A cluster-randomized study has shown that using a large language model for automated assessment of the CMS quality measure SEP-1 (Severe Sepsis and Septic Shock Management Bundle) and providing timely feedback to treating physicians can significantly increase compliance with this measure. The study was published in JAMA Network Open.
In the study, 66 emergency physicians at two University of California, San Diego, university hospitals were randomized. A total of 301 patients who met the inclusion criteria for the SEP-1 measure were treated by the physicians. The intervention group received an automated, large language model-based assessment of SEP-1 compliance with targeted feedback upon discharge. The control group followed the usual procedure.
SEP-1 measure compliance was 82.9 percent in the intervention group and 70.1 percent in the control group. This represented an absolute improvement of 13.0 percentage points (odds ratio 2.10; 95% confidence interval 1.15–3.81; P = 0.02). The largest difference was observed in the completion of the 30-ml/kg fluid bolus, which was less frequently omitted in the intervention group.
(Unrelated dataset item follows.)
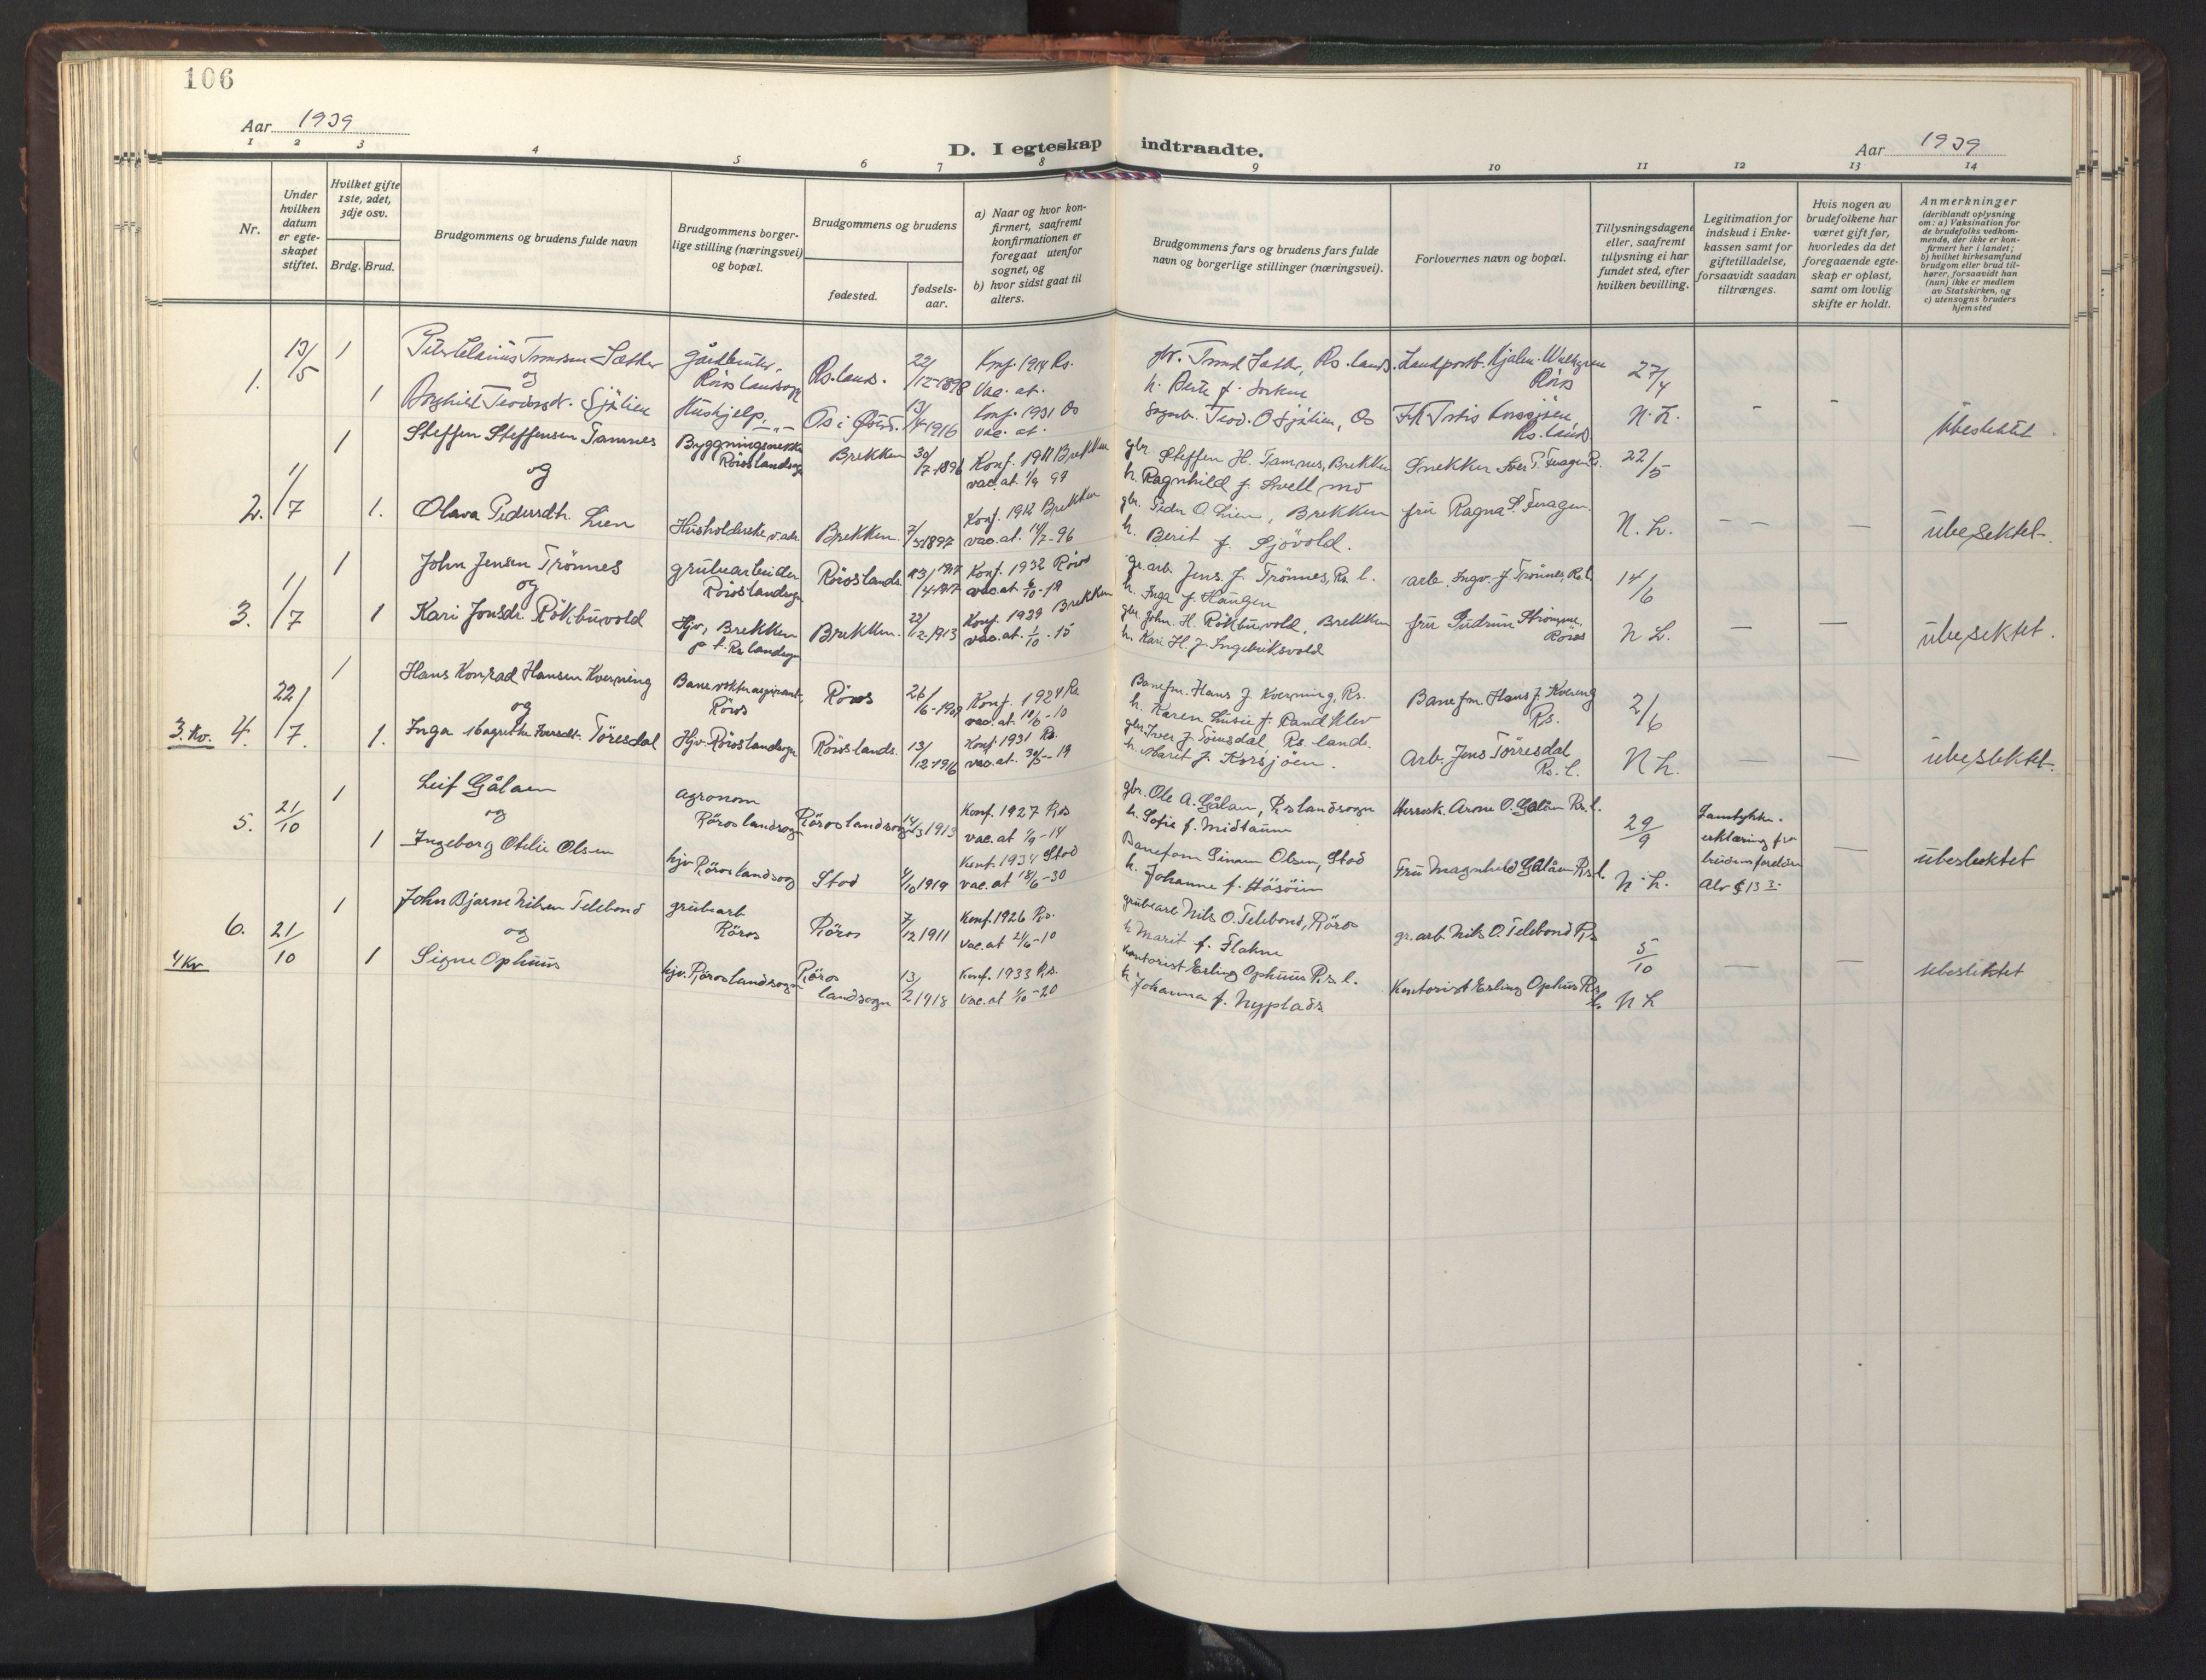 SAT, Ministerialprotokoller, klokkerbøker og fødselsregistre - Sør-Trøndelag, 681/L0944: Klokkerbok nr. 681C08, 1926-1954, s. 106

The agreement between the automated LLM assessment and manual expert review was 92 percent. There were no significant differences between the groups regarding 30-day mortality or intensive care unit admissions.
The study demonstrates that AI-powered, timely quality measurement and feedback can improve adherence to complex quality measures. The authors see this as an approach to overcome existing limitations of manual quality reporting and support a learning healthcare system. At the same time, it remains to be seen whether improved compliance with the measure also leads to clinically relevant improvements in patient outcomes. The study was conducted at only two centers and examined exclusively the SEP-1 measure, so its transferability to other settings and quality indicators still needs to be investigated.